## Provided data
________________________
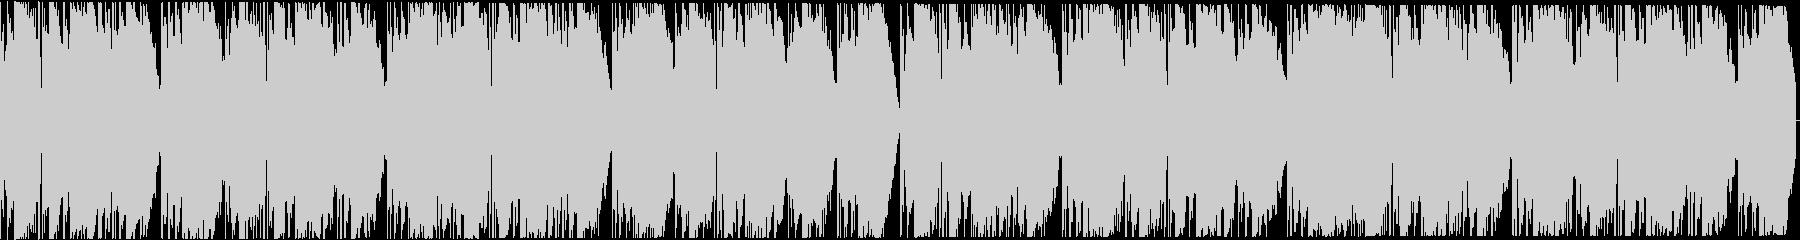 ダークなトラップビート16小節の未再生の波形
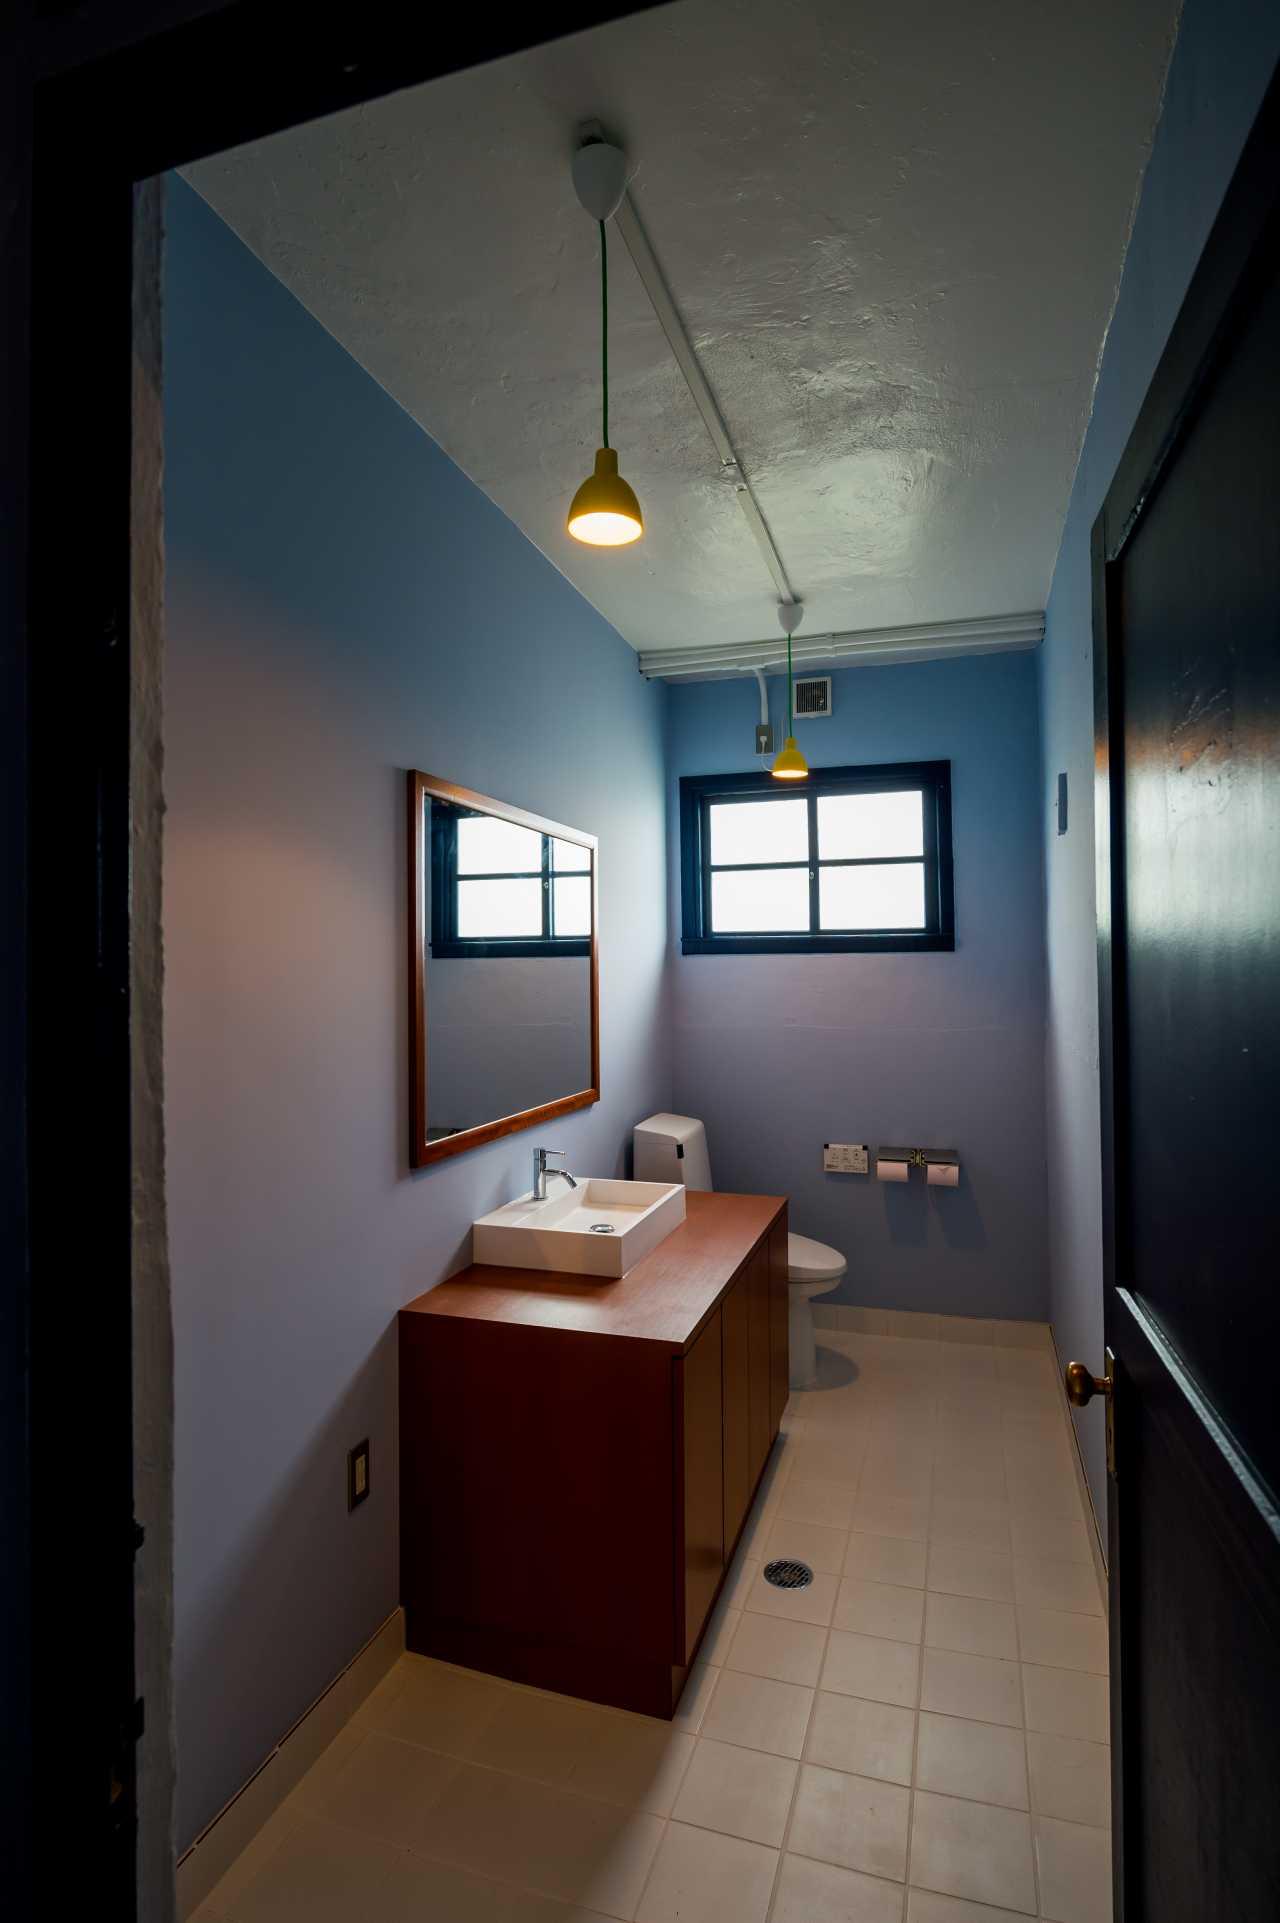 トイレは全体的にブルーで統一していて、カガミや洗面台も雰囲気に合うようにオリジナルで制作しています
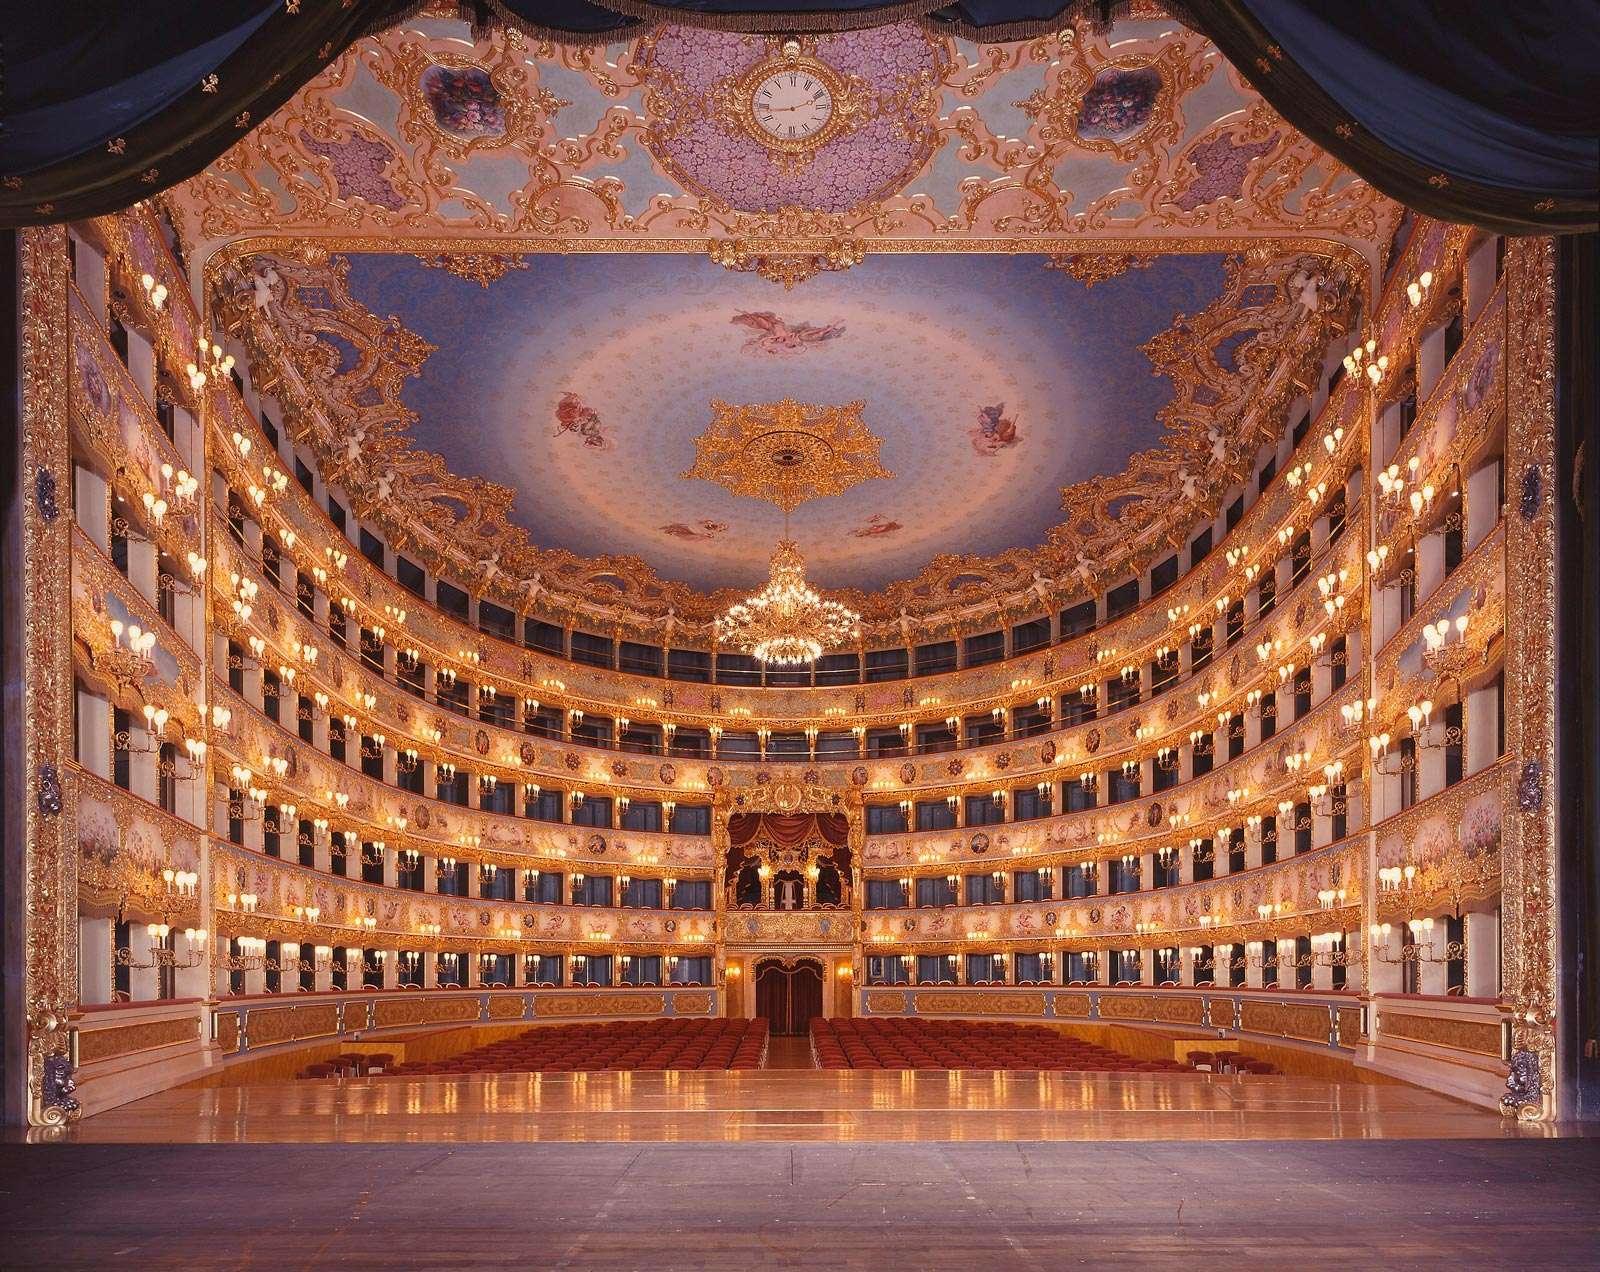 La Fenice di Venezia vista dal palcoscenico
________________________
## Problem statement
Leaving out the pictures, transcribe the material above exactly.

## Completed task
 ダークなトラップビート16小節の未再生の波形
 トイレは全体的にブルーで統一していて、カガミや洗面台も雰囲気に合うようにオリジナルで制作しています
 La Fenice di Venezia vista dal palcoscenico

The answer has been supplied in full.